Donald Trump was having dinner at Mar-a-Lago with Japanese Prime Minister Shinzo Abe on February 11 when a message arrived mid-meal, courtesy of Pyongyang: North Korea had just tested a new, solid-fuel, intermediate-range ballistic missile, fired from a mobile—and therefore hard-to-detect—launcher. The president pulled out his 1990s flip-phone and discussed this event in front of the various people sitting within earshot. One of these diners, Richard DeAgazio, was suitably agog at the import of this weighty scene, posting the following comment on his Facebook page: “HOLY MOLY!!! It was fascinating to watch the flurry of activity at dinner when the news came that North Korea had launched a missile in the direction of Japan.”

Actually, this missile was aimed directly at Mar-a-Lago, figuratively speaking. It was a pointed nod to history that no American media outlet grasped: “Prime Minister Shinzo,” as Trump called him, is the grandson of Nobusuke Kishi, a former Japanese prime minister whom Abe reveres. Nobusuke was deemed a “Class A” war criminal by the US occupation authorities after World War II, and he ran munitions manufacturing in Manchuria in the 1930s, when Gen. Hideki Tojo was provost marshal there. Kim Il-sung, whom grandson Kim Jong-un likewise reveres, was fighting the Japanese at the same time and in the same place.

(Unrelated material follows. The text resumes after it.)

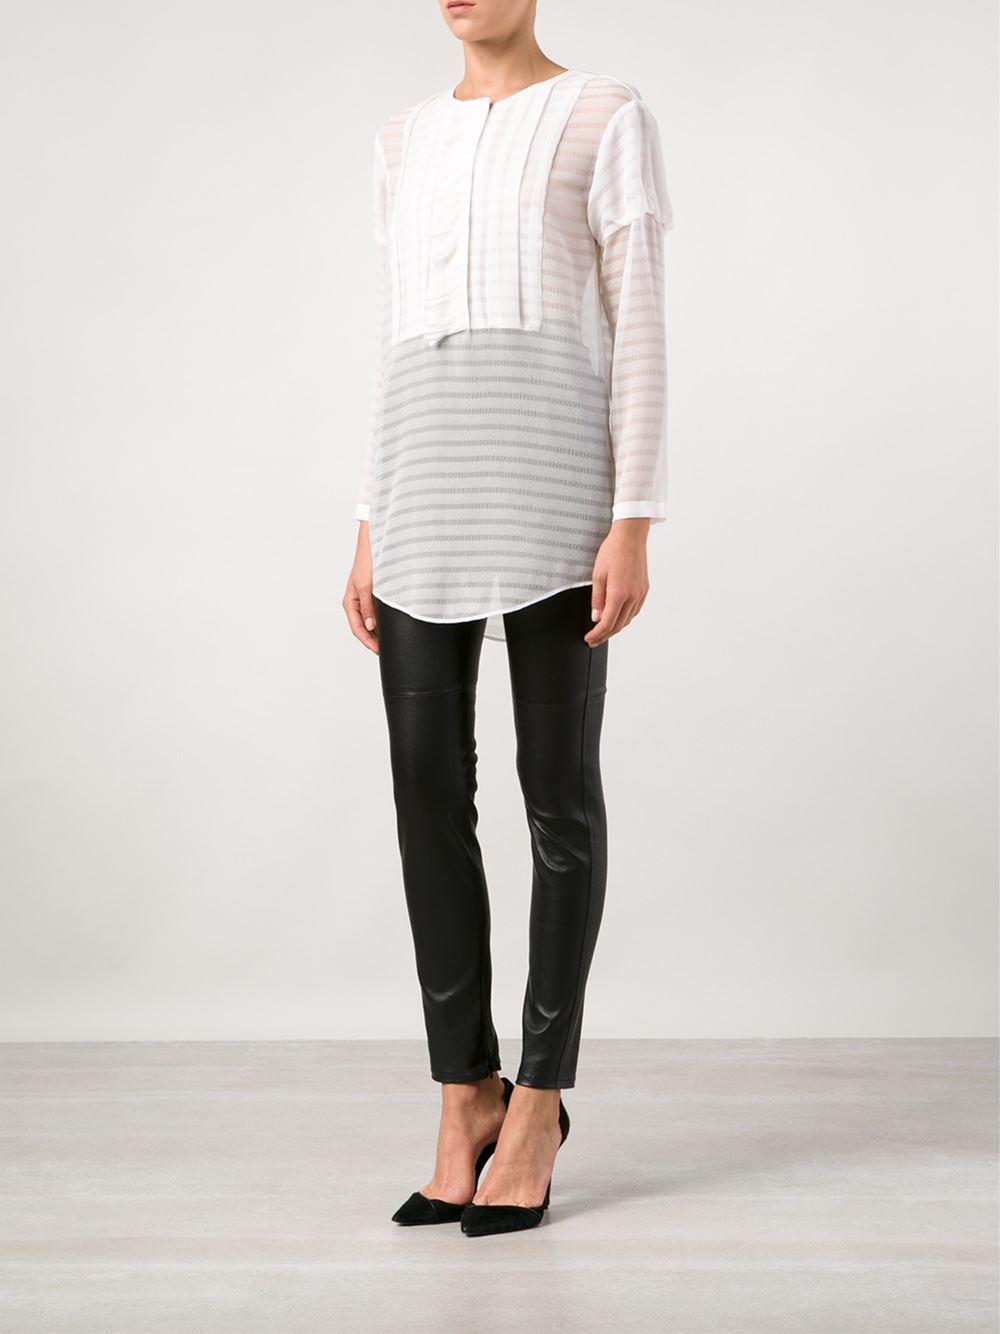 Burberry prorsum Sheer Striped Blouse in White | Lyst

As I wrote for this magazine in January 2016, the North Koreans must be astonished to discover that US leaders never seem to grasp the import of their history-related provocations. Even more infuriating is Washington’s implacable refusal ever to investigate our 72-year history of conflict with the North; all of our media appear to live in an eternal present, with each new crisis treated as sui generis. Visiting Seoul in March, Secretary of State Rex Tillerson asserted that North Korea has a history of violating one agreement after another; in fact, President Bill Clinton got it to freeze its plutonium production for eight years (1994–2002) and, in October 2000, had indirectly worked out a deal to buy all of its medium- and long-range missiles. Clinton also signed an agreement with Gen. Jo Myong-rok stating that henceforth, neither country would bear “hostile intent” toward the other.

The Bush administration promptly ignored both agreements and set out to destroy the 1994 freeze. Bush’s invasion of Iraq is rightly seen as a world-historical catastrophe, but next in line would be placing North Korea in his “axis of evil” and, in September 2002, announcing his “preemptive” doctrine directed at Iraq and North Korea, among others. The simple fact is that Pyongyang would have no nuclear weapons if Clinton’s agreements had been sustained.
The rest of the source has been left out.